= How NTP Works
include::include-html.ad[]

== Related Links

include::includes/special.adoc[]
include::includes/external.adoc[]

== Table of Contents

* link:#intro[Introduction and Overview]
* link:#scale[NTP Timescale and Data Formats]
* link:#arch[Architecture and Algorithms]

'''''

== Abstract

[abstract]
This page and its dependencies contain a technical description of the
Network Time Protocol (NTP) architecture and operation. It is intended
for administrators, operators and monitoring personnel. Additional
information for nontechnical readers can be found in the white paper
{millshome}exec.html[Executive Summary: Computer
Network Time Synchronization]. While this page and its dependencies are
primarily concerned with NTP, additional information on related
protocols can be found in the white papers
{millshome}ptp.html[IEEE 1588 Precision Time
Protocol (PTP)] and {millshome}proximity.html[Time
Synchronization for Space Data Links]. Note that reference to a page in
this document collection is to a page in the collection, while reference
to a _white paper_ is to a document at the
{millshome}ntp.html[Network Time Synchronization
Research Project] web site.


[[intro]]
== Introduction and Overview

NTP time synchronization services are widely available in the public
Internet. The public NTP subnet currently includes several thousand
servers in most countries and on every continent of the globe, including
Antarctica, and sometimes in space and on the sea floor.

The NTP subnet operates with a hierarchy of levels, where each level is
assigned a number called the stratum. Stratum 1 (primary) servers at the
lowest level are directly synchronized to national time services via
satellite, radio or telephone modem. Stratum 2 (secondary) servers at
the next higher level are synchronized to stratum 1 servers and so on.
Normally, NTP clients and servers with a relatively small number of
clients do not synchronize to public primary servers. There are several
hundred public secondary servers operating at higher strata and are the
preferred choice.

This page presents an overview of the NTP implementation included in
this software distribution. We refer to this implementation as the
_reference implementation_ only because it was used to test and validate
the NTPv4 specification RFC 5905. It is best read in conjunction with
the briefings and white papers on the
{millshome}ntp.html[Network Time Synchronization
Research Project] page. An executive summary suitable for management and
planning purposes is in the white paper
{millshome}exec.html[Executive Summary: Computer
Network Time Synchronization].

[[scale]]
== NTP Timescale and Data Formats

NTP clients and servers synchronize to the Coordinated Universal Time
(UTC) timescale used by national laboratories and disseminated by radio,
satellite and telephone modem. This is a global timescale independent of
geographic position. There are no provisions to correct for local time
zone or daylight savings time; however, these functions can be performed
by the operating system on a per-user basis.

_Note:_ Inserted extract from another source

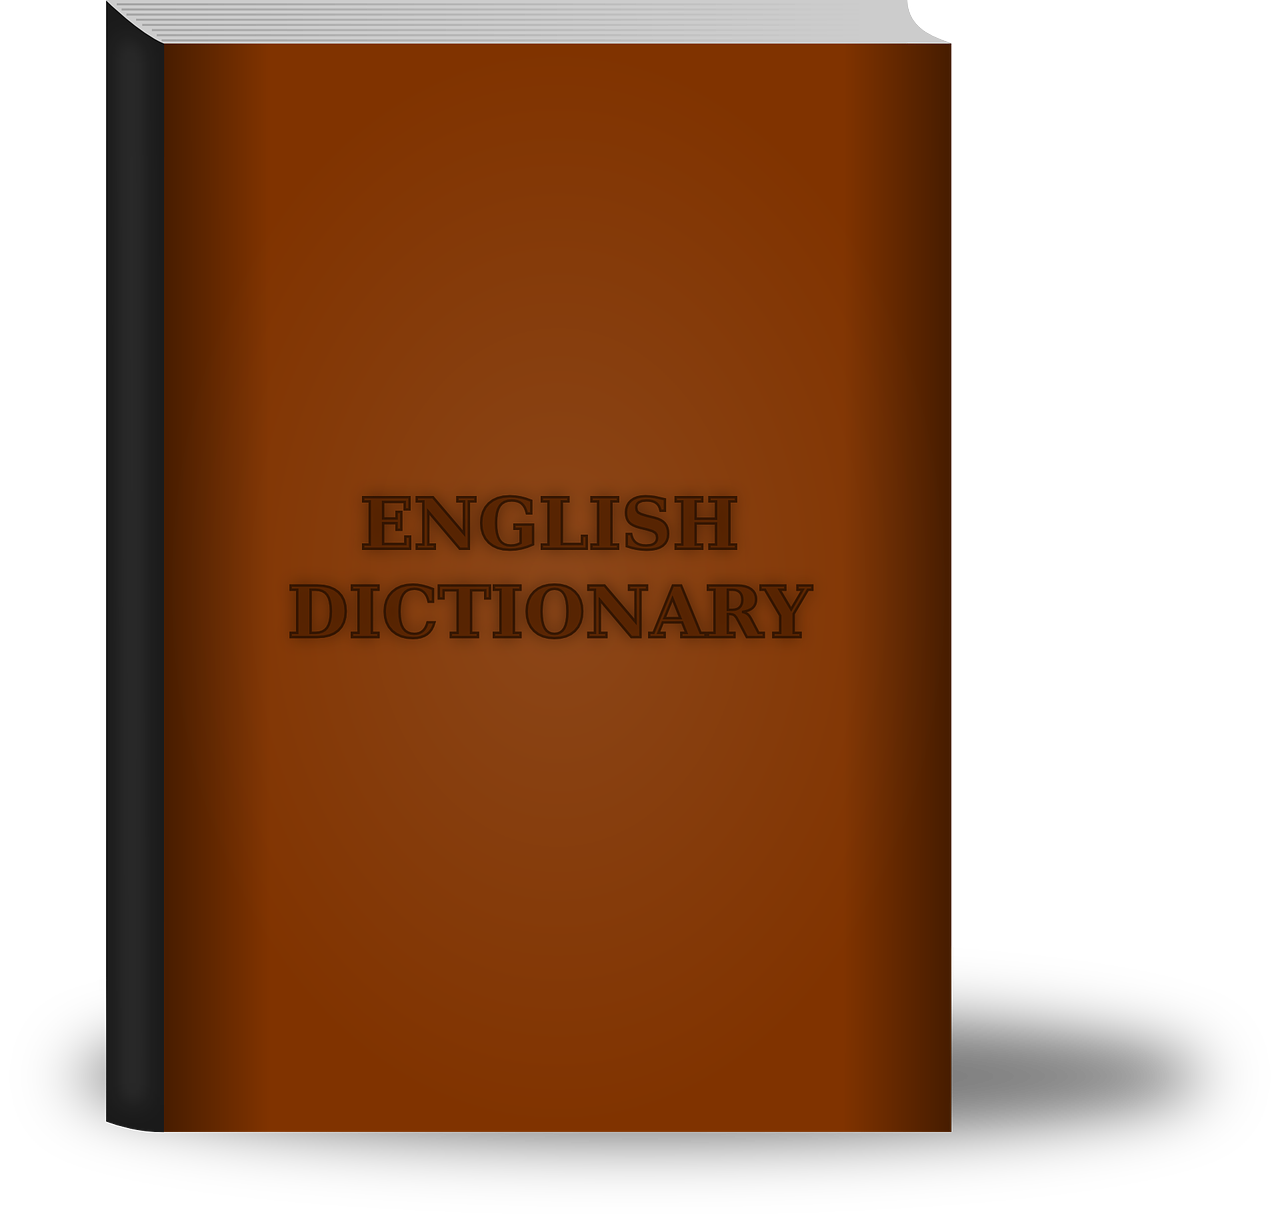 Dictionary,book,english,school,study - free image from needpix.com

The UT1 timescale, upon which UTC is based, is determined by the
rotation of the Earth about its axis. The Earth rotation is gradually
slowing down relative to International Atomic Time (TAI). In order to
rationalize UTC with respect to TAI, a leap second is inserted at
intervals, historically averaging about 18 months, as determined by the
https://www.iers.org/IERS/EN/Home/home_node.html [International Earth
Rotation Service (IERS)]. Reckoning with leap seconds in the NTP
timescale is described in the white paper
{millshome}leap.html[The NTP Timescale and Leap Seconds].

The historic insertions are documented in the +leap-seconds.list+ file,
which can be downloaded from the NIST FTP servers. This file is updated
at intervals not exceeding six months. Leap second warnings are
disseminated by the national laboratories in the broadcast timecode
format. These warnings are propagated from the NTP primary servers via
other server to the clients by the NTP on-wire protocol. The leap second
is implemented by the operating system kernel, as described in the white
paper {millshome}leap.html[The NTP Timescale and
Leap Seconds]. Implementation details are described on the
link:leap.html[Leap Second Processing] page.

image:pic/time1.gif[]

Figure 1. NTP Timestamp format

Figure 1 shows the timestamp format used in packet headers exchanged
between clients and servers.  Ordinarily, this timestamp format is not
seen by application programs, which converts it to native formats such
as ISO 8601 or RFC 822-style Gregorian-calendar dates.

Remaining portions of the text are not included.